-
Notifications
You must be signed in to change notification settings - Fork 1.3k
Description
Description
When using the NAS backup plugin on KVM, if a backup job fails (e.g. due to backup storage being full or I/O errors on the NFS target), the VM remains indefinitely paused at the hypervisor level. CloudStack marks the backup as Error but does not resume the VM, leaving it unresponsive until manually resumed via virsh resume.
Steps to Reproduce
- Configure NAS backup with NFS storage for a running KVM VM
- Fill up the NFS backup storage to 100% capacity
- Wait for the scheduled backup to trigger
- Observe the VM becomes paused and never resumes
Expected Behavior
The VM should be automatically resumed after a backup failure. The backup should be marked as failed, but the VM should continue running normally.
Actual Behavior
The VM remains in a paused state indefinitely. The backup monitoring loop in nasbackup.sh enters an infinite cycle:
virsh backup-beginpauses the QEMU domain for consistent snapshot- Backup write fails (storage full)

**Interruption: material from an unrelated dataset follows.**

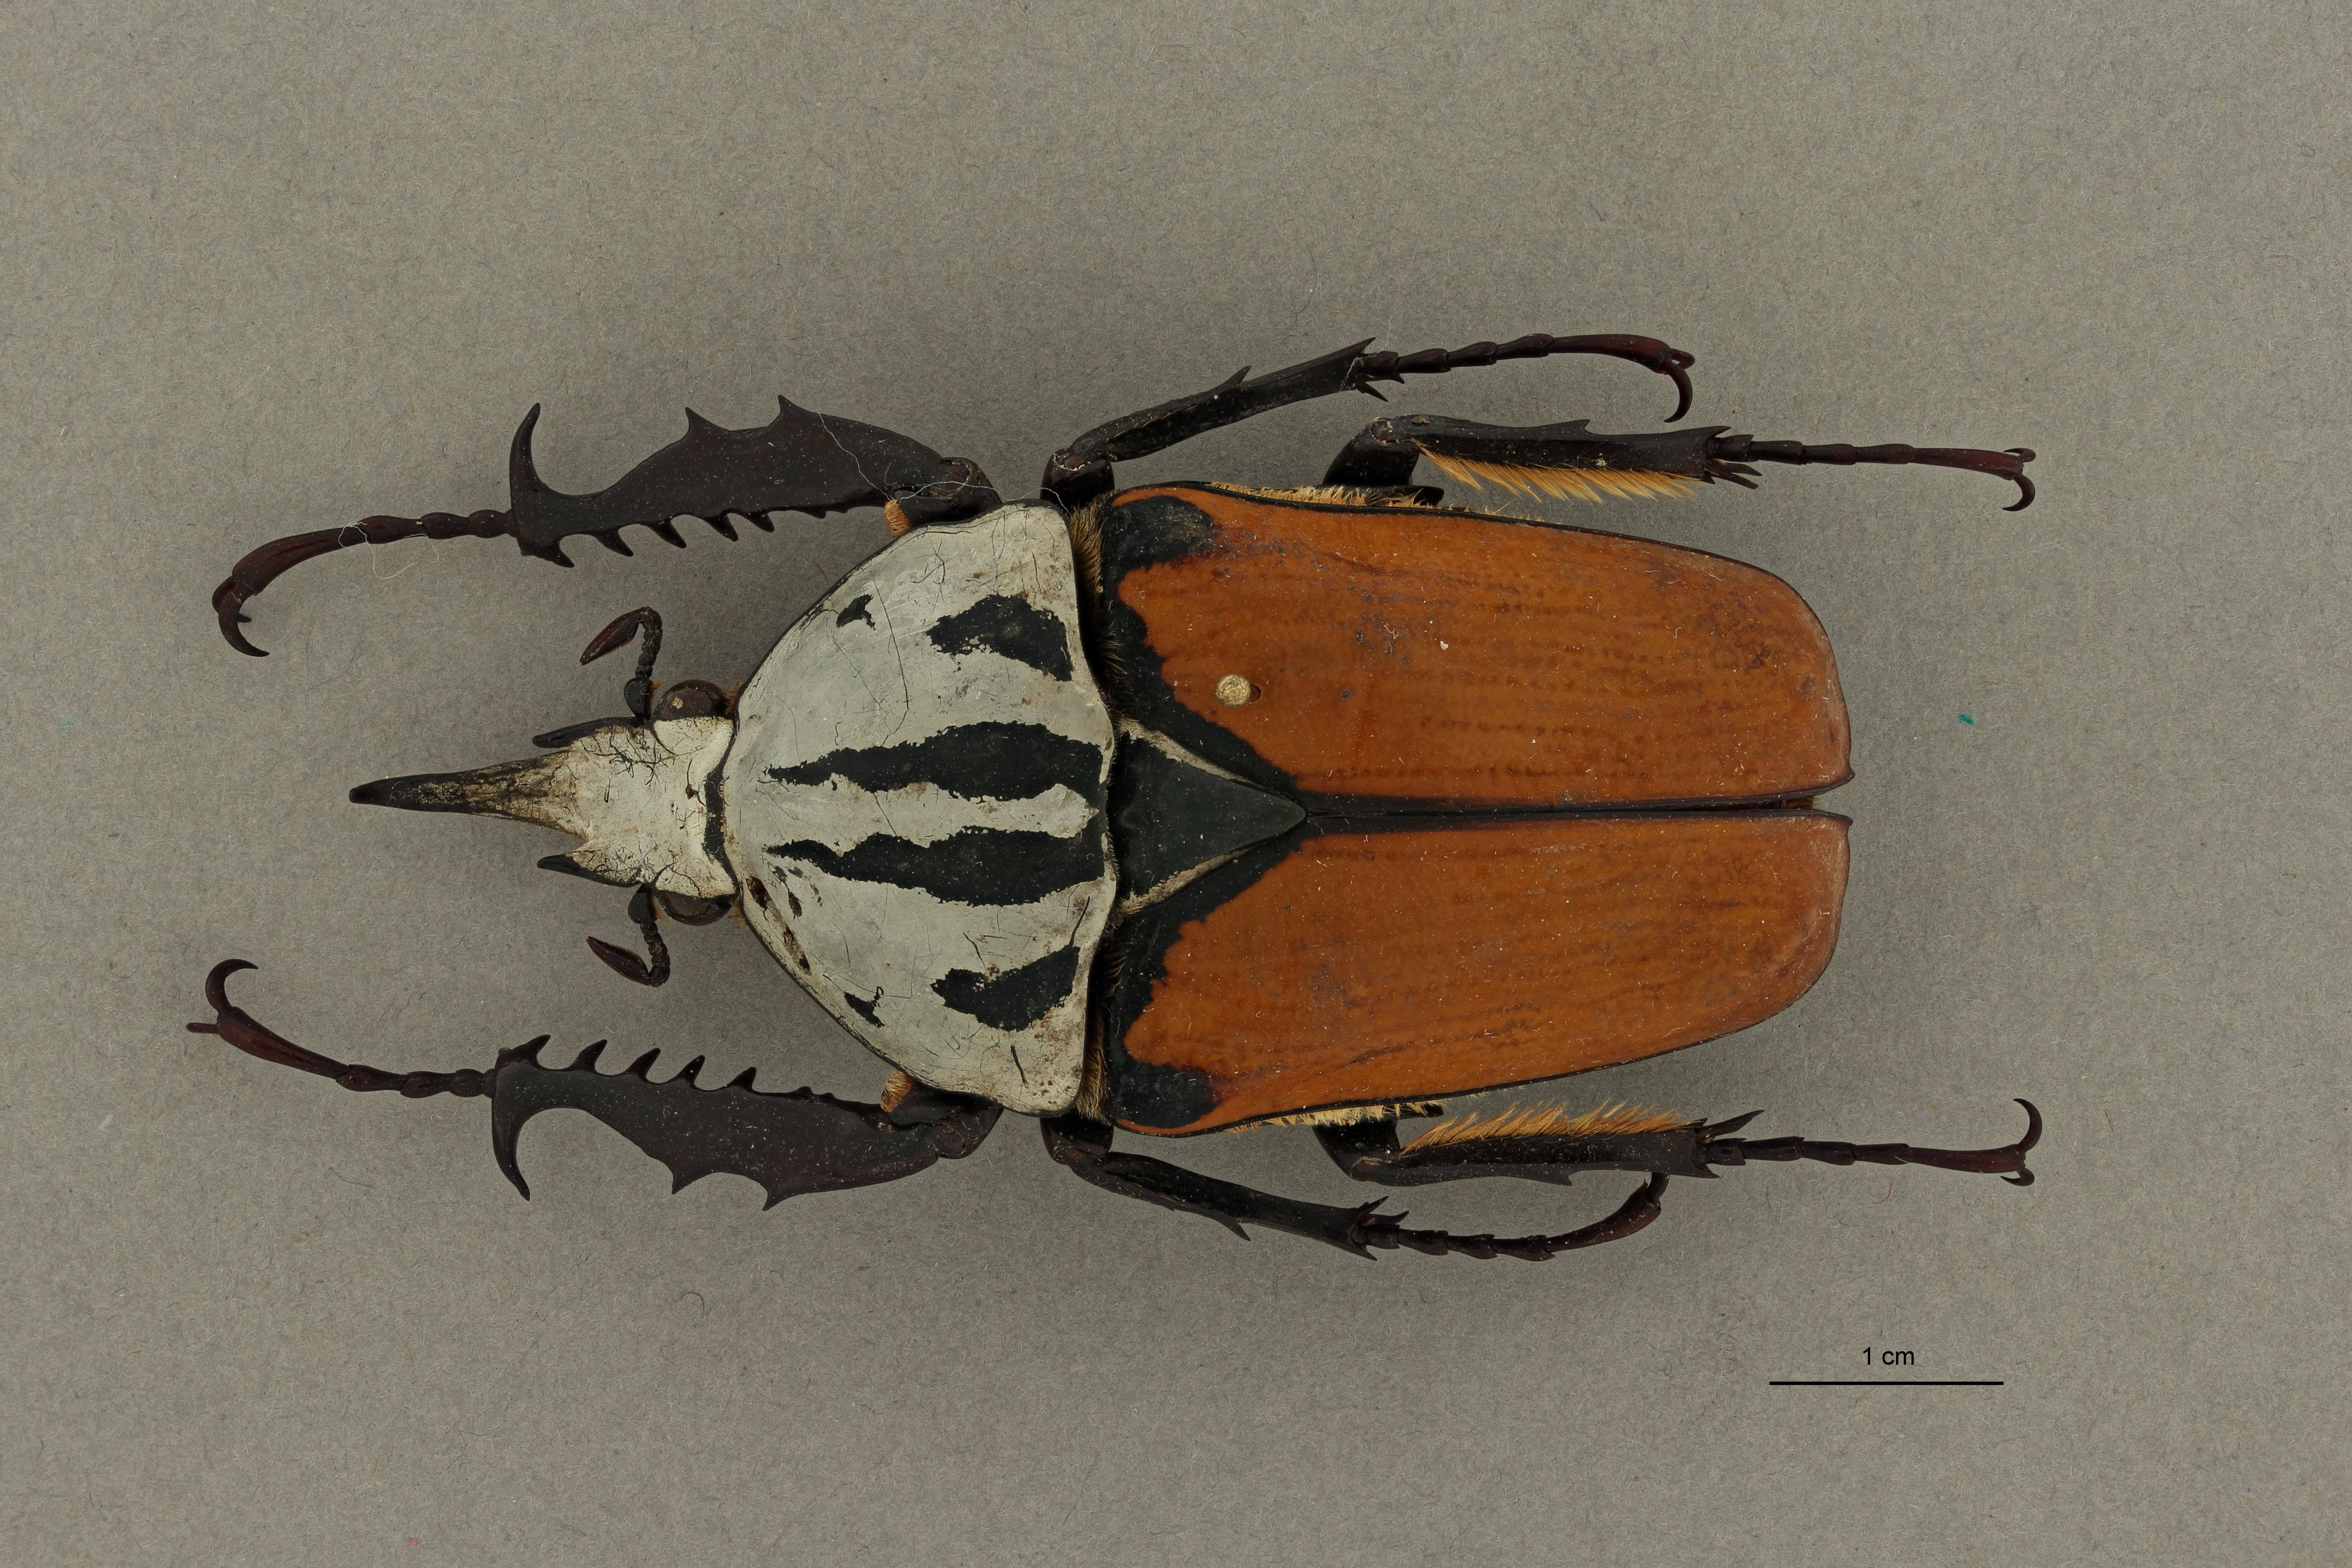 Mecynorrhinella oberthuri kirchneri pt 2 D ZS PMax Scaled.jpeg

domjobinforeportsFailedstatuscleanup()is called but does not resume the VM- No
exitstatement after cleanup — loop continues, repeatedly detecting the failed job
Root Cause Analysis
Three bugs in scripts/vm/hypervisor/kvm/nasbackup.sh:
Bug 1: Missing exit after failed backup cleanup (line 144)
case "$status" in
Failed)
echo "Virsh backup job failed"
cleanup ;; # <-- no exit, falls through to sleep and loops forever
esacBug 2: cleanup() never resumes the VM (line 222)
The cleanup() function only removes files and unmounts storage. It never checks if the VM is paused or attempts to resume it, even though virsh backup-begin may have paused the domain.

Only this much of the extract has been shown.